→ **Task description**: Write down exactly the lines of the listing below, beginning with the one containing "2.5 л 170 л" and closing with the final line.

=-=-=

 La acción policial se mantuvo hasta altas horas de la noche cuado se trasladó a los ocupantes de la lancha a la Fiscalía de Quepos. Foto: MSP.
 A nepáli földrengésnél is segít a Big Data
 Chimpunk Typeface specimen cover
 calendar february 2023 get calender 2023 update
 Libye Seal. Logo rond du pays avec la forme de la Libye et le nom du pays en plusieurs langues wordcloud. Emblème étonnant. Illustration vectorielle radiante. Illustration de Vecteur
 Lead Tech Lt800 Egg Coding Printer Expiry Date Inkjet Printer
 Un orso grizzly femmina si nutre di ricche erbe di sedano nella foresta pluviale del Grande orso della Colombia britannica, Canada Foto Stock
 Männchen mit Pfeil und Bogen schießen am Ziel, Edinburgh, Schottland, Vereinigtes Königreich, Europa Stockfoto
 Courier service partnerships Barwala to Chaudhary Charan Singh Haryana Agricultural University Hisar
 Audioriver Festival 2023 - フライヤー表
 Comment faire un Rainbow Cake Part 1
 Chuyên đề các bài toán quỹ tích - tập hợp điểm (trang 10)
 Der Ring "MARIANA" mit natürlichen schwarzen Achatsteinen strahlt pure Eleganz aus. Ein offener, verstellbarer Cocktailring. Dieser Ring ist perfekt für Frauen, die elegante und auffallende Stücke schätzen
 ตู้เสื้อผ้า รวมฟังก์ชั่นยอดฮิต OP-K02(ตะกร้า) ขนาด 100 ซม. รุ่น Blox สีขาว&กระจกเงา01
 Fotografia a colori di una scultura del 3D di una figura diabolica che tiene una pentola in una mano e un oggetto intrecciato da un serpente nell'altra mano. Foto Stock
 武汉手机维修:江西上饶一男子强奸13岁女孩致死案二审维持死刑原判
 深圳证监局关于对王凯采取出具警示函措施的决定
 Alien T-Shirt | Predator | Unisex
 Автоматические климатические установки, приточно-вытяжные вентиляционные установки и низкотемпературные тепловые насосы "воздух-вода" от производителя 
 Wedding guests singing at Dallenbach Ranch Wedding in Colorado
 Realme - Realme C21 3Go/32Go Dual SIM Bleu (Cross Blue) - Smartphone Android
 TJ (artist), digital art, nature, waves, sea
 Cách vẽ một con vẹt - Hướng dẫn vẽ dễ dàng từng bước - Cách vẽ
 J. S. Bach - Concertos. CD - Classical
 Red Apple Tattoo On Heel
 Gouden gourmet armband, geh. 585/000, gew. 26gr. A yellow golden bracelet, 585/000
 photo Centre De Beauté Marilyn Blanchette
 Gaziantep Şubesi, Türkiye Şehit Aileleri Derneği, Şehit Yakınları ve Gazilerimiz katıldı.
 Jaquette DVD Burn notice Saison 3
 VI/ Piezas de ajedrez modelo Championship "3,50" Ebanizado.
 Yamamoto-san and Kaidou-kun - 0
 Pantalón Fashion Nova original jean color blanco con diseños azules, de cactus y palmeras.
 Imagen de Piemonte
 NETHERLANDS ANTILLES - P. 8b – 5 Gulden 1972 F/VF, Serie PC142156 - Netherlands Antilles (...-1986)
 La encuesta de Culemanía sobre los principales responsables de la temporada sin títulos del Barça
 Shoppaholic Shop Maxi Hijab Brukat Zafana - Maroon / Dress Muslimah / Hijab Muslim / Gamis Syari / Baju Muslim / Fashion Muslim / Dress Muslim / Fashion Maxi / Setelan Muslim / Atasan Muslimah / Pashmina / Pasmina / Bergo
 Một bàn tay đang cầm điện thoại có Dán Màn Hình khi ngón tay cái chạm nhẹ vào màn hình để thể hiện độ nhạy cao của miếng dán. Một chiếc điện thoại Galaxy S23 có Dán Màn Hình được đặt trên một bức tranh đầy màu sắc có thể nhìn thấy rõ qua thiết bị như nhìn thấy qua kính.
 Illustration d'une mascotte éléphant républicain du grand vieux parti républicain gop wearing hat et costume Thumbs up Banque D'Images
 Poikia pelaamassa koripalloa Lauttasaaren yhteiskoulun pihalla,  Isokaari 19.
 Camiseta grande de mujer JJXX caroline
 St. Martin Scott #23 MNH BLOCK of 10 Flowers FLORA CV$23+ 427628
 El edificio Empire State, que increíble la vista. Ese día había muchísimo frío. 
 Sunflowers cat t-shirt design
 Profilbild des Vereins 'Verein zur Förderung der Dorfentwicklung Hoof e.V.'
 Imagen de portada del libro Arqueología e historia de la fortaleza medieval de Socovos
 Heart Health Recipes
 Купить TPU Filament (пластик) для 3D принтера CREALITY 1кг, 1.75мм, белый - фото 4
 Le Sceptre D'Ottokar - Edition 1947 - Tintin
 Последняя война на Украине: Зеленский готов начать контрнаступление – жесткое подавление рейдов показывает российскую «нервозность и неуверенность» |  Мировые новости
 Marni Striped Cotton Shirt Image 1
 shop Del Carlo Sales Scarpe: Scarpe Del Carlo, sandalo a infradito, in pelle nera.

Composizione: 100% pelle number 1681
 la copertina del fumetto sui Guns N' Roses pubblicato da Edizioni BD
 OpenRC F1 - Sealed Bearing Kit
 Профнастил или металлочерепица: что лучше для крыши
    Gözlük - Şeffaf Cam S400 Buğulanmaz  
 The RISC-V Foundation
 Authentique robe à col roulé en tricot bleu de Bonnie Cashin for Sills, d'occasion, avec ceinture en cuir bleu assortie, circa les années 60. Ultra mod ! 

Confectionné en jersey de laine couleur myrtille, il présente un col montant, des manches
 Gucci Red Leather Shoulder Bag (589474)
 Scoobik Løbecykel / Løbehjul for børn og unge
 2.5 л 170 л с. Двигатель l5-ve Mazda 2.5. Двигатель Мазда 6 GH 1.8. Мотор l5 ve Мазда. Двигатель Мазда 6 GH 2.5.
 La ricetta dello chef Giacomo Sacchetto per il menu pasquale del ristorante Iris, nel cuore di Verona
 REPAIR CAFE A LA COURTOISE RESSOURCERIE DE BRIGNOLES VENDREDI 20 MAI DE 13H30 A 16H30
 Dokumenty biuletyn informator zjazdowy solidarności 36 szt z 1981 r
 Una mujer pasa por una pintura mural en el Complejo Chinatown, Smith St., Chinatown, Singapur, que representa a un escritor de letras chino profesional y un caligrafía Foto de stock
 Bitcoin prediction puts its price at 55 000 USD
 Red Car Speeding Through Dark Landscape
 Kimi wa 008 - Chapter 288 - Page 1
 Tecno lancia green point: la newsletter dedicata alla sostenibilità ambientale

=-=-=

→ **Answer space**:
 2.5 л 170 л с. Двигатель l5-ve Mazda 2.5. Двигатель Мазда 6 GH 1.8. Мотор l5 ve Мазда. Двигатель Мазда 6 GH 2.5.
 La ricetta dello chef Giacomo Sacchetto per il menu pasquale del ristorante Iris, nel cuore di Verona
 REPAIR CAFE A LA COURTOISE RESSOURCERIE DE BRIGNOLES VENDREDI 20 MAI DE 13H30 A 16H30
 Dokumenty biuletyn informator zjazdowy solidarności 36 szt z 1981 r
 Una mujer pasa por una pintura mural en el Complejo Chinatown, Smith St., Chinatown, Singapur, que representa a un escritor de letras chino profesional y un caligrafía Foto de stock
 Bitcoin prediction puts its price at 55 000 USD
 Red Car Speeding Through Dark Landscape
 Kimi wa 008 - Chapter 288 - Page 1
 Tecno lancia green point: la newsletter dedicata alla sostenibilità ambientale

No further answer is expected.